> _Given material_
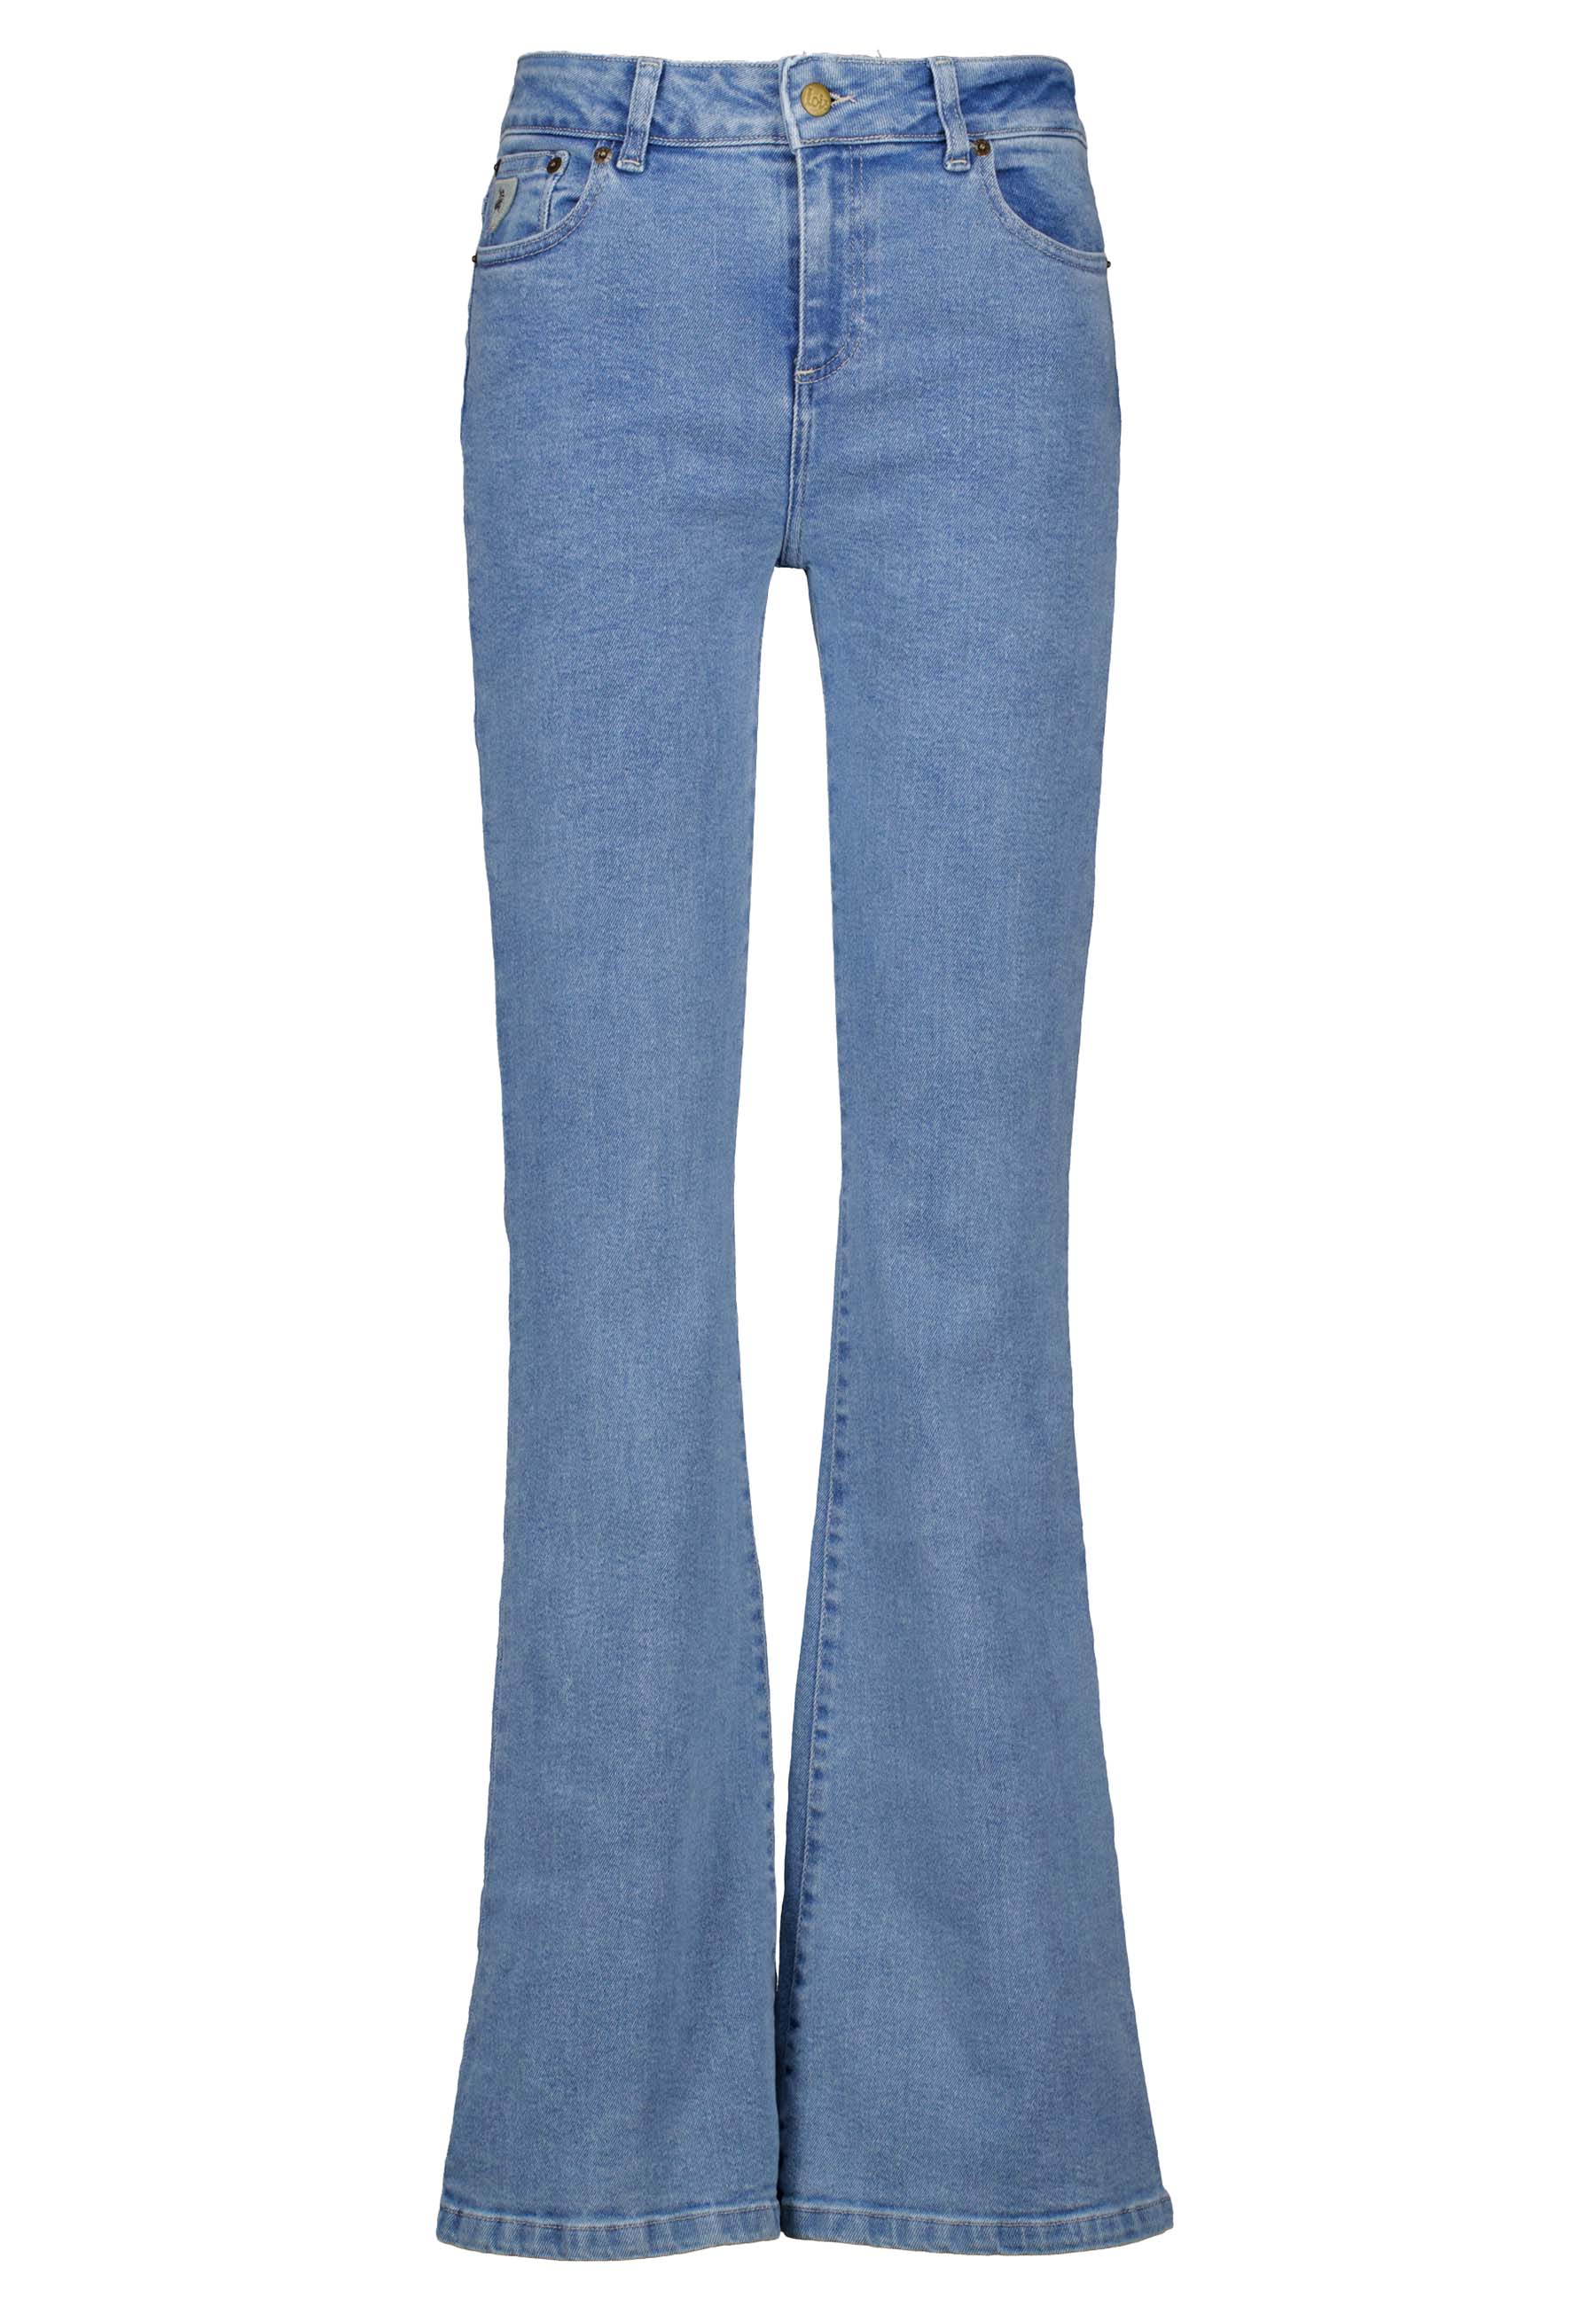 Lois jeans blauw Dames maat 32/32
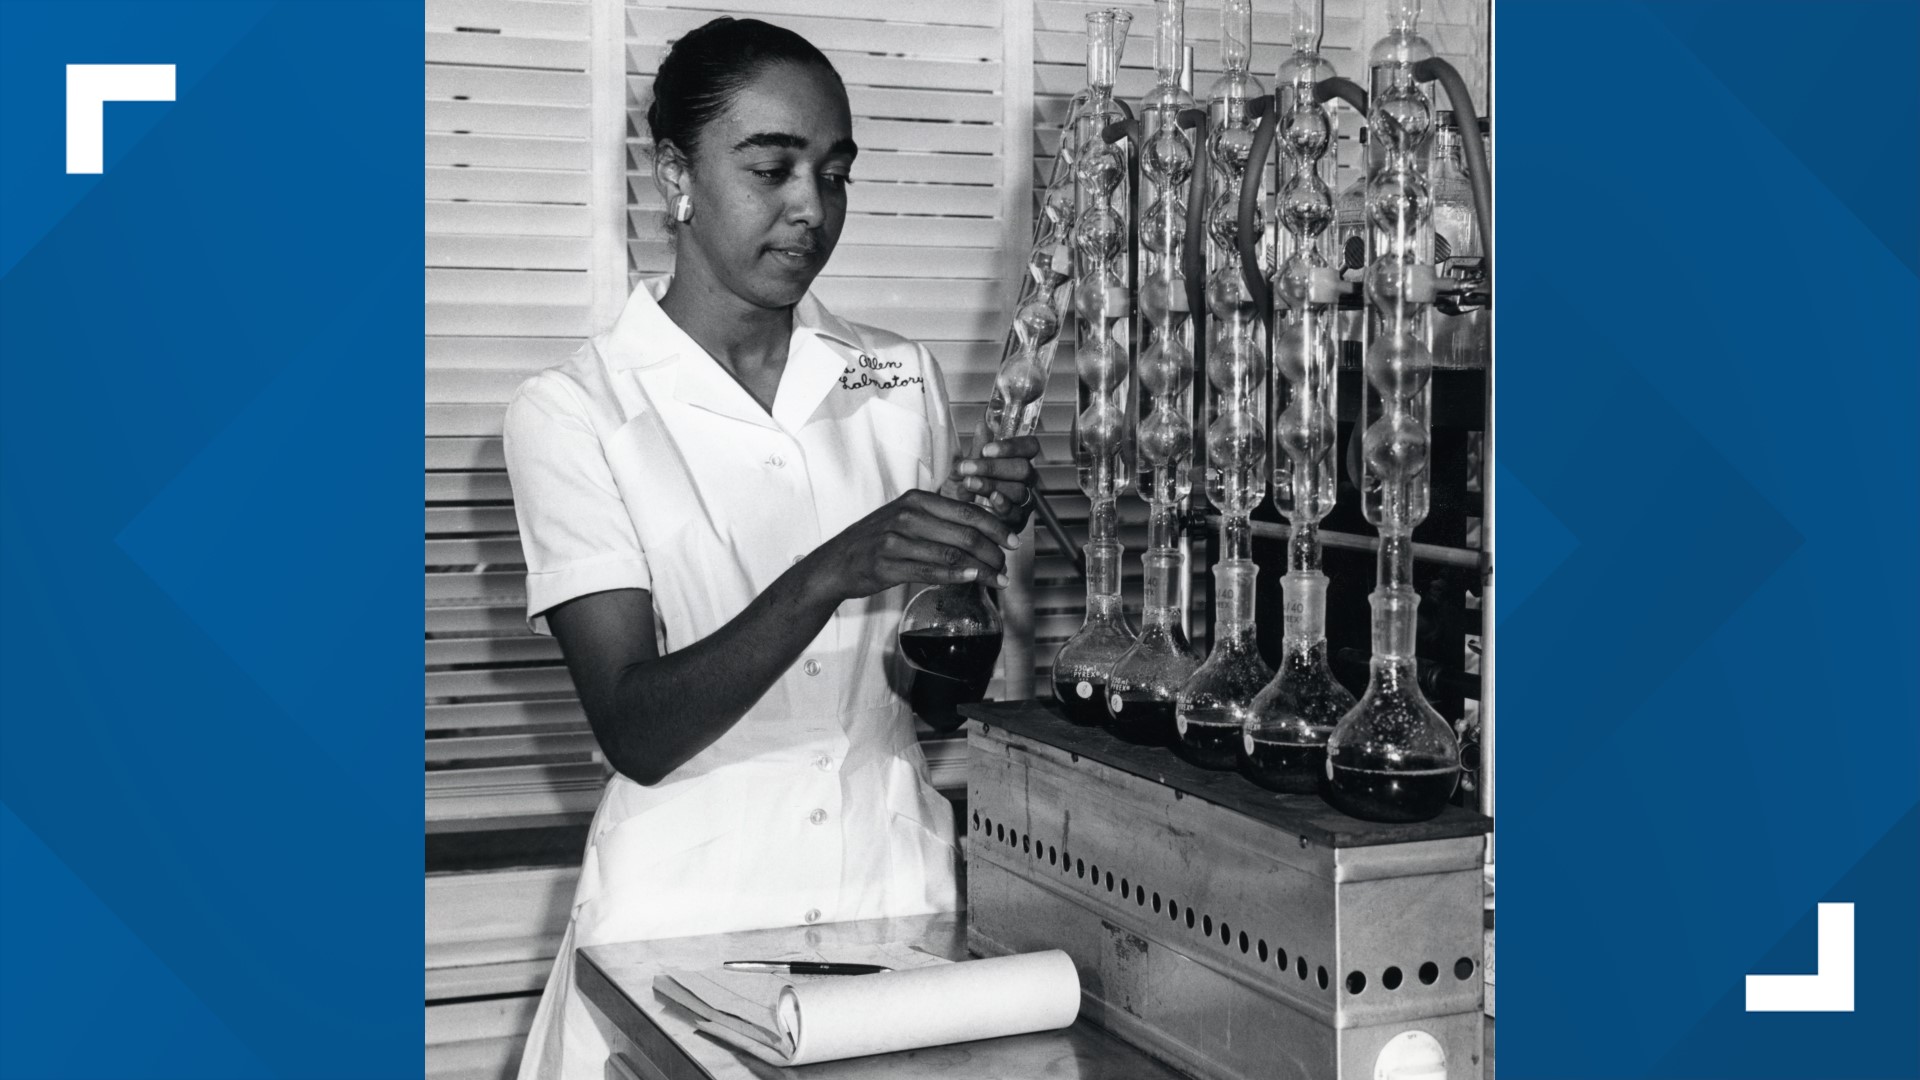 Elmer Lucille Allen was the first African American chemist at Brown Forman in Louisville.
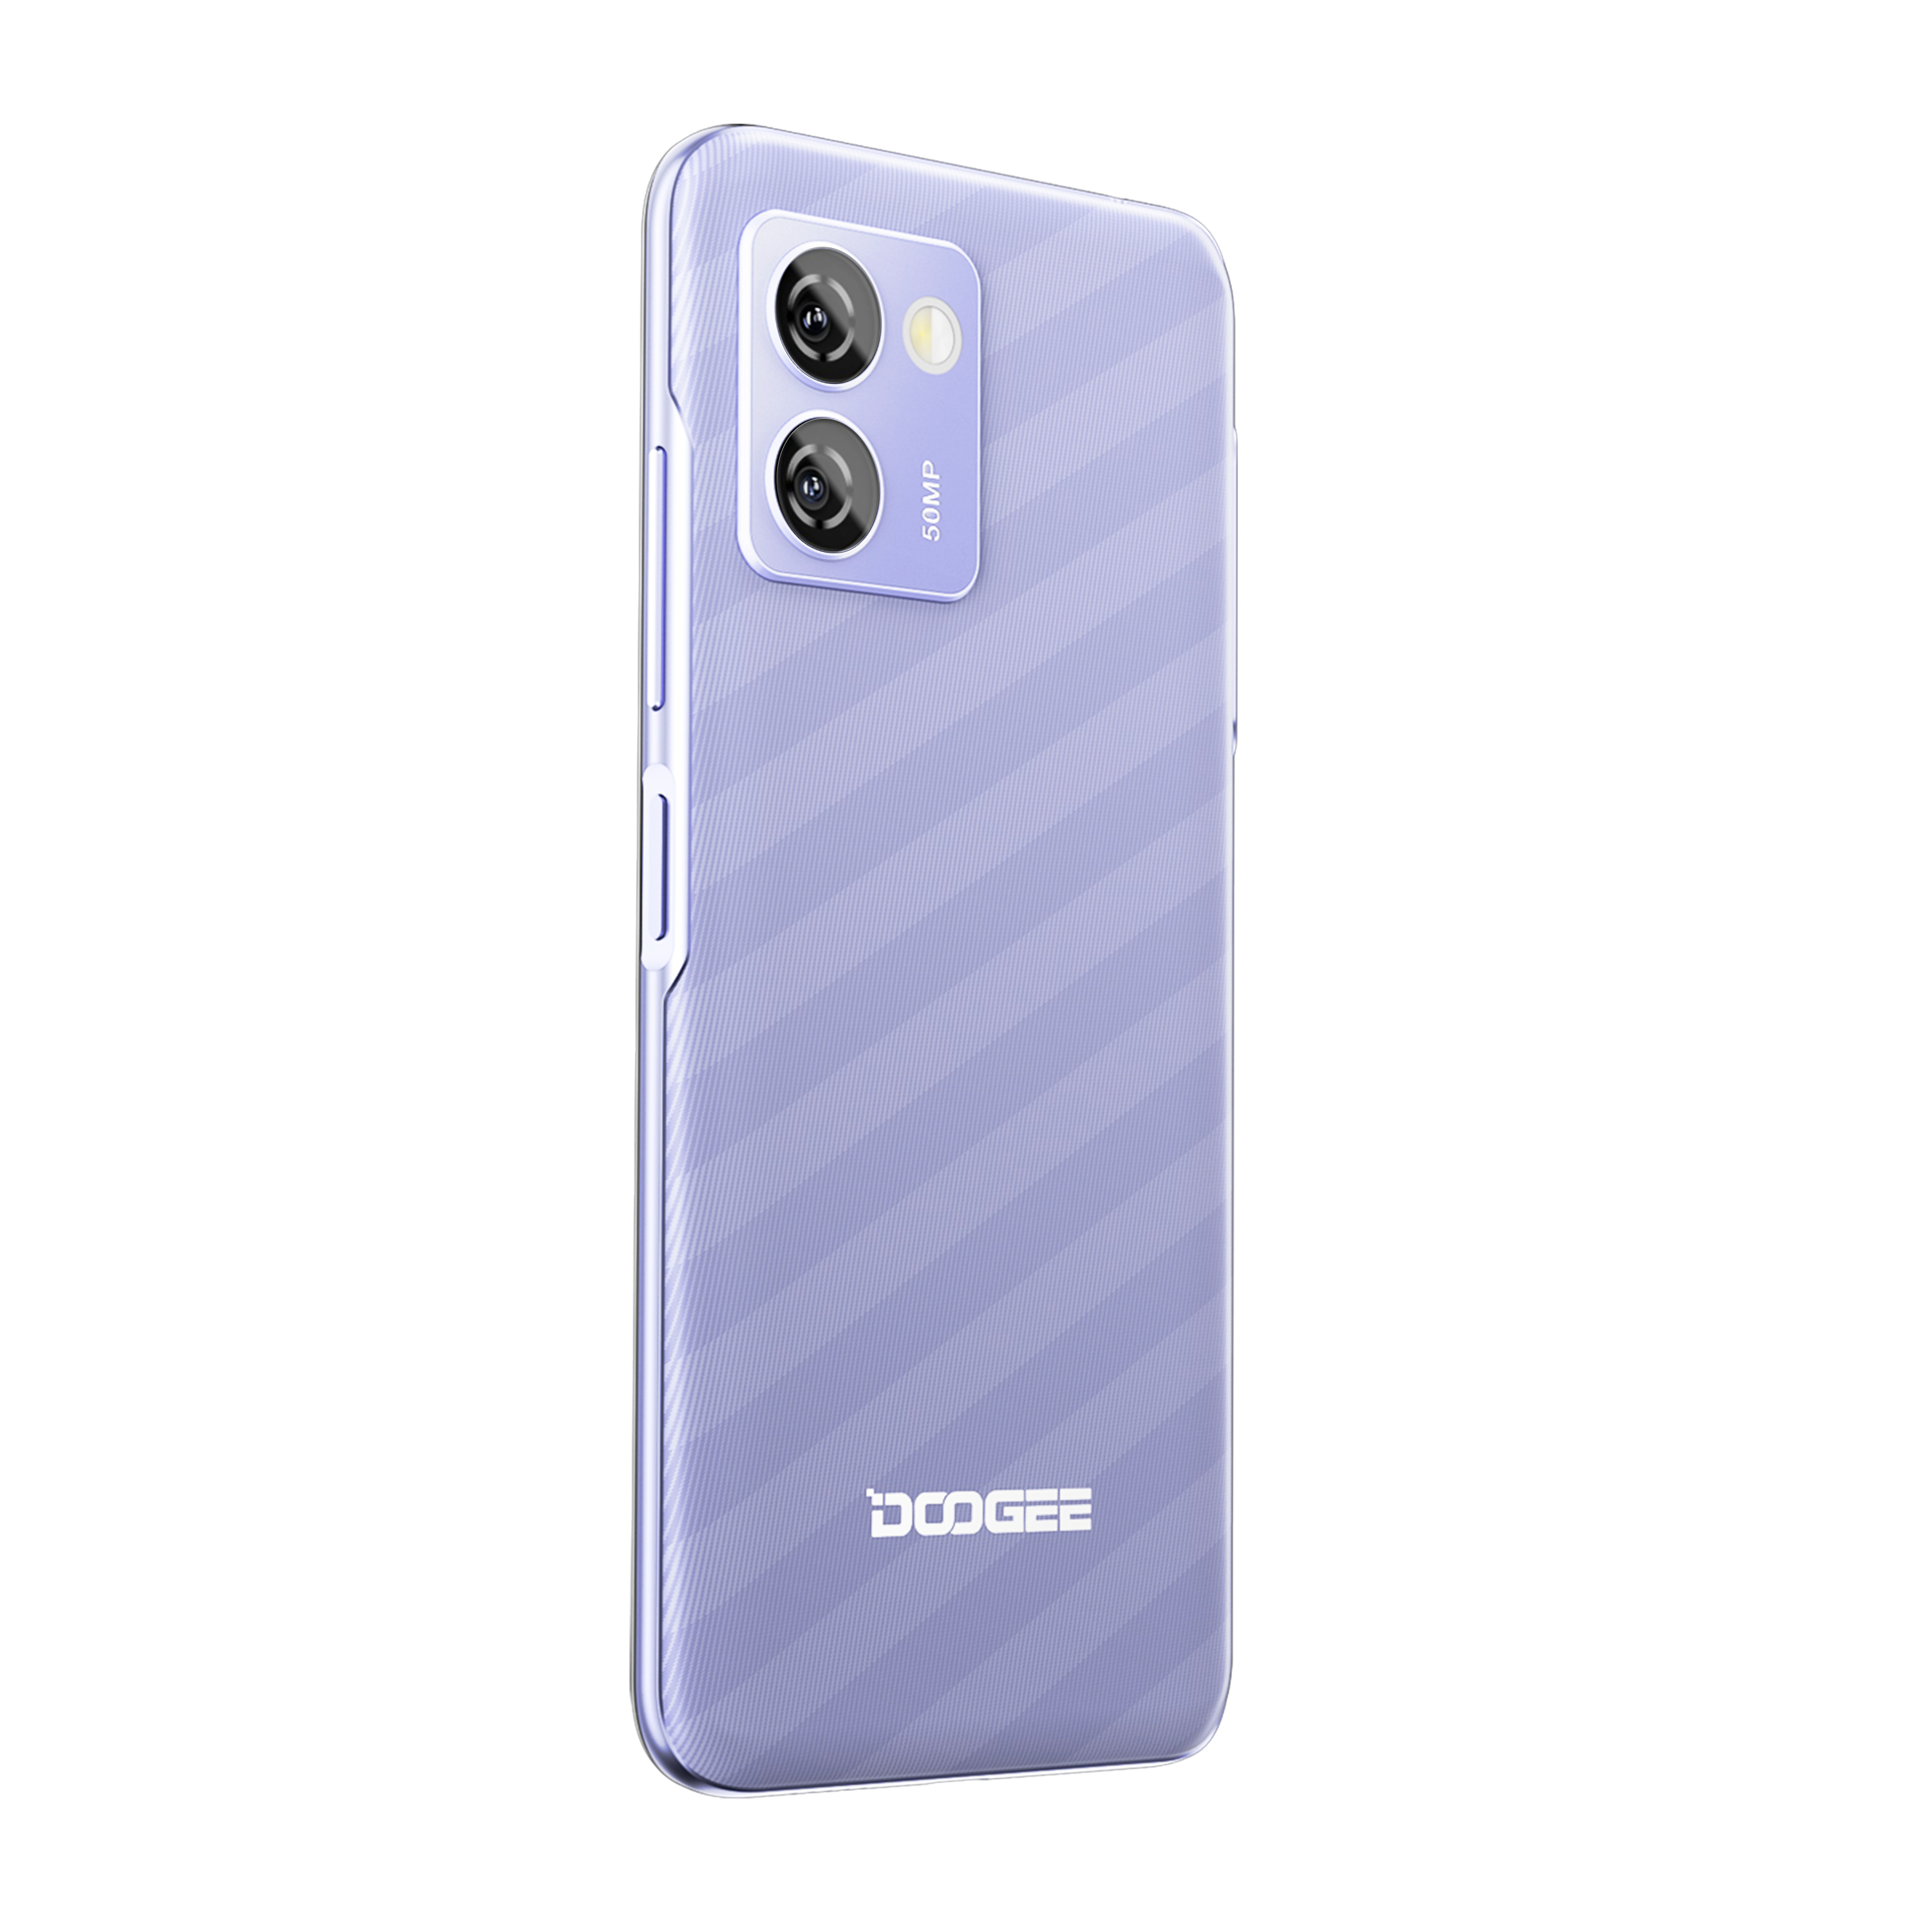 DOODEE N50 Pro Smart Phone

> _Exercise goal_
Print the material above verbatim, no images.

> _Response area_
 Lois jeans blauw Dames maat 32/32
 Elmer Lucille Allen was the first African American chemist at Brown Forman in Louisville.
 DOODEE N50 Pro Smart Phone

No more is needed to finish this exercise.